Delayed Renal Allograft Function and Furosemide Treatment (DRAFFT)

1. Background/ Rationale Kidney Transplantation is a lifesaving modality in patients with end-stage renal disease (ESRD), and the numbers of transplants have been skyrocketing since the first successful trials. In 2013 alone, there were over 18,000 kidney transplants done in the United States of America. Of those, 11,161 were from a deceased donor (NKUDIC 2011, One Legacy 2014, USRDS 2013). One common complication of renal transplants is Delayed Graft Function (DGF). DGF is a serious complication, which is best defined as the need for renal replacement therapy, such as dialysis, within the first week after renal transplant (Mallon et al. 2013). DGF greatly increases the risk of acute and chronic transplant rejection, which decreases patient survival and quality of life, for those patients who do survive (Perico et al. 2004, Weber et al. 2014). Additionally, the rate of DGF is highest in patients who have received deceased donor transplants (One Legacy 2014). Therefore, it is crucial to the well-being of this large population to reduce the incidence of DGF. Our approach is to investigate current treatment modalities for patients post-deceased donor renal transplant, to understand how best to prevent DGF before it even starts. Currently, administration of loop diuretics such as furosemide is a common practice in order to prevent and treat oliguria in renal transplant patients. However, only animal models have been able to show a benefit in treating acute kidney injury (AKI), which occurs in the transplant kidney due to cold ischemia time, with furosemide. There is a lack of evidence that furosemide use leads to improved patient outcomes in patients with AKI (Nadeau-Fredette et al. 2013). Given that side effects of furosemide administration include ototoxicity, hypotension, electrolyte abnormalities, and hypersensitivity reactions, and the investigators hypothesize, may not significantly reduce the incidence of DGF from placebo, it is important to investigate if the benefits of furosemide administration truly outweigh the harms (Strom et al. 2003). The investigators intend to achieve this by way of a randomized, double-blinded, pilot clinical trial in adult oliguric patients, post-deceased donor renal transplant.
2. Objectives

I.Primary Objective:

i.To test the hypothesis that DGF rate is the same in adult oliguric post-deceased donor renal transplant patients administered furosemide vs. placebo.

II.Secondary Objectives:

i.To compare the following within the two treatment groups:

• 30-day, 90-day and 12-month creatinine levels and estimated glomerular filtration rate (eGFR)
• The need for RRT (Hemodialysis or Peritoneal dialysis) 30 days, 90 days and 12 months post-transplant
• The time from transplant to DGF development
• The incidence of DGF
• The incidence of primary graft non-function
• Overall hospital length of stay
• The KDPI score in relation to primary graft non-function

ii. To quantify the association between furosemide administration and relevant patient centered outcomes, such as hospital length of stay and acquired complications, in order to decrease patient morbidity and mortality.

c. Study Outline

All patients that have been admitted for a deceased donor kidney transplant will be seen by the Nephrology service for pre-transplant evaluation. The Nephrology Fellow/Attending physician will go over a checklist that determines if the patient will be eligible for the study and will obtain the informed consent if the patient is eligible. Informed consent will be obtained from all eligible patients. All eligible patients' urine output will be monitored as soon as they return to the unit from the operating room. If the patient remains oliguric or anuric for 6 hours, the bedside nurse will alert the on-call study coordinator for randomization and enrollment per protocol.

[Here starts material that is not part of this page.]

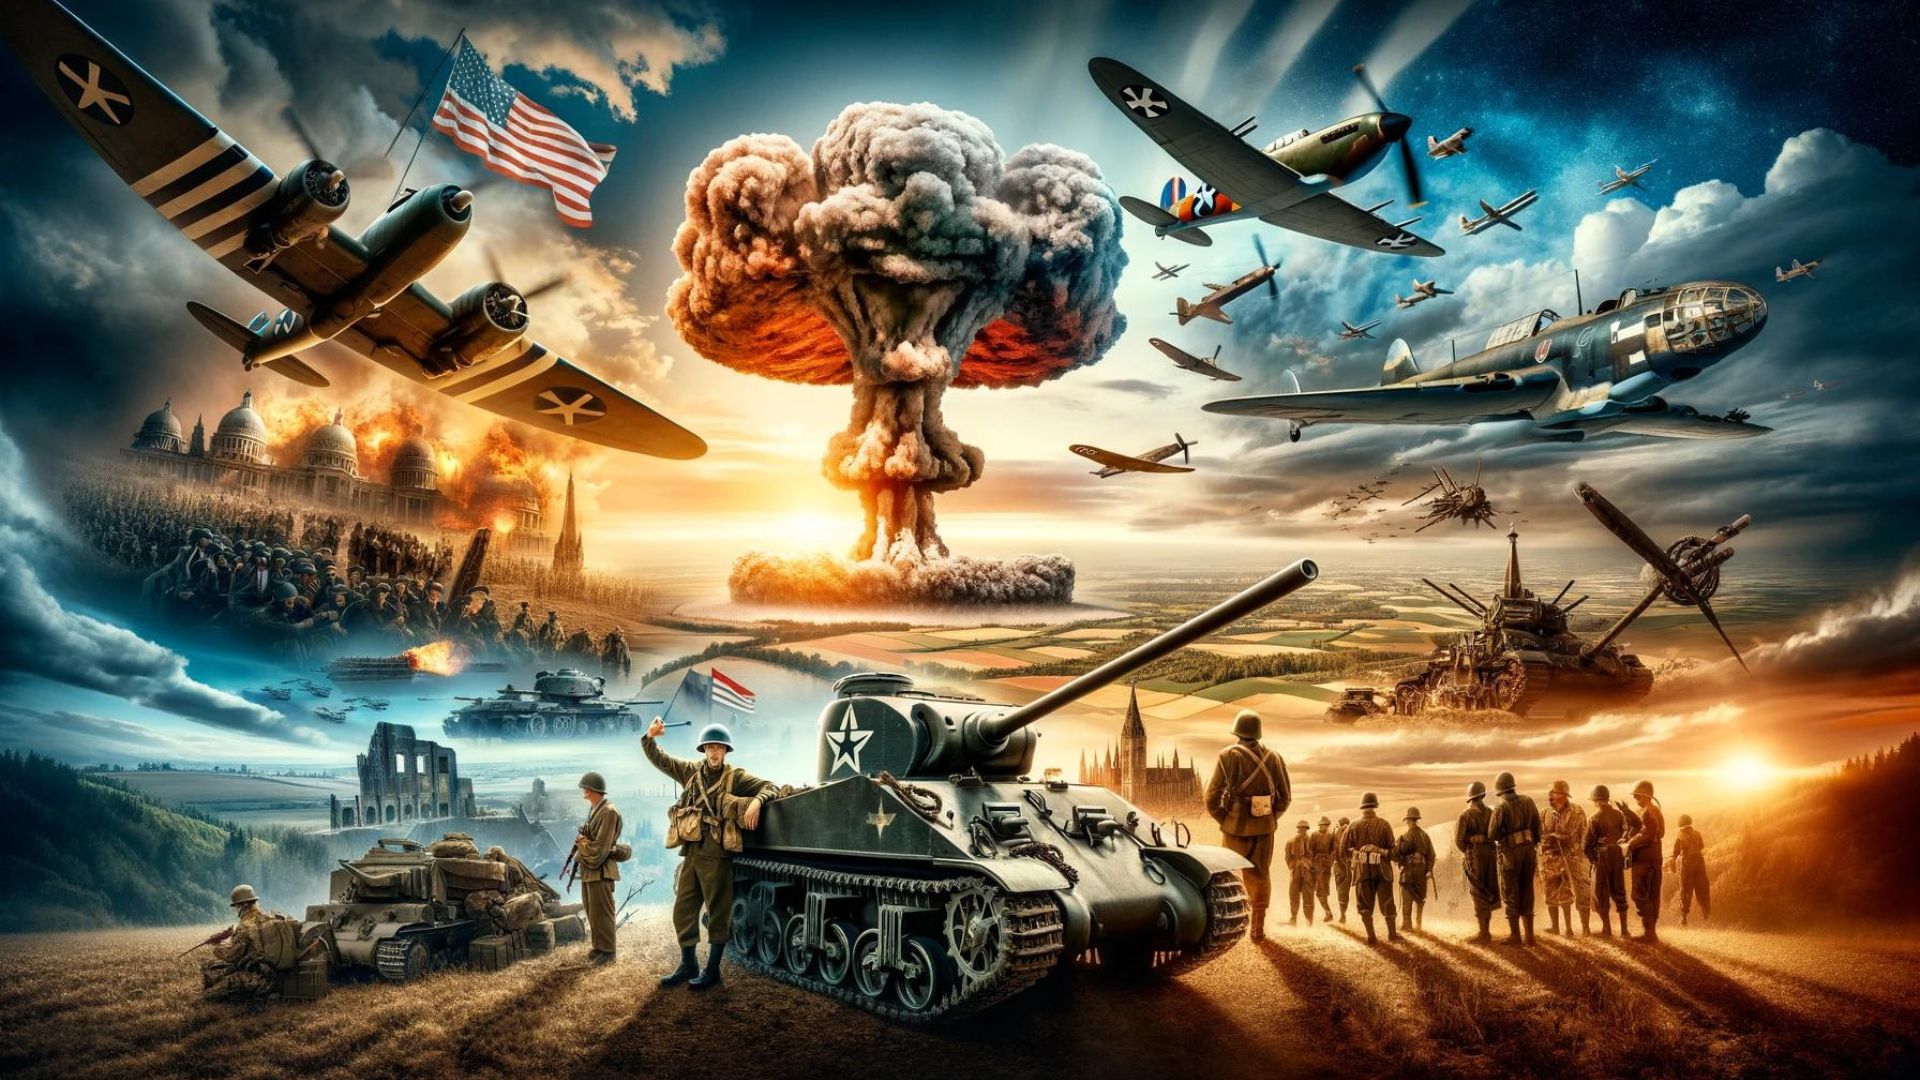 The Impact and Key Events of World War II

Study Intervention Patients assigned to the furosemide infusion group will receive furosemide infusions, as outlined in figure 2. This has been adapted from Ostermann et al. (2007) and the SPARK study protocol (Bagshaw et al. 2010).

Furosemide will be prepared in bags that contain 1000 mg of furosemide per 250 mL of saline reaching a concentration of 4 mg/mL. All medication and placebo bags will have no identifiers that show what type of drug is being administered, for blinding purposes. Medication and placebo bags will have randomly generated study identifier numbers. The protocol in figure 2 will be followed to achieve a total urine output of 1mL/kg/h. The furosemide infusion rate will not exceed 4mg/min IV as this is the maximum set by the manufacturer.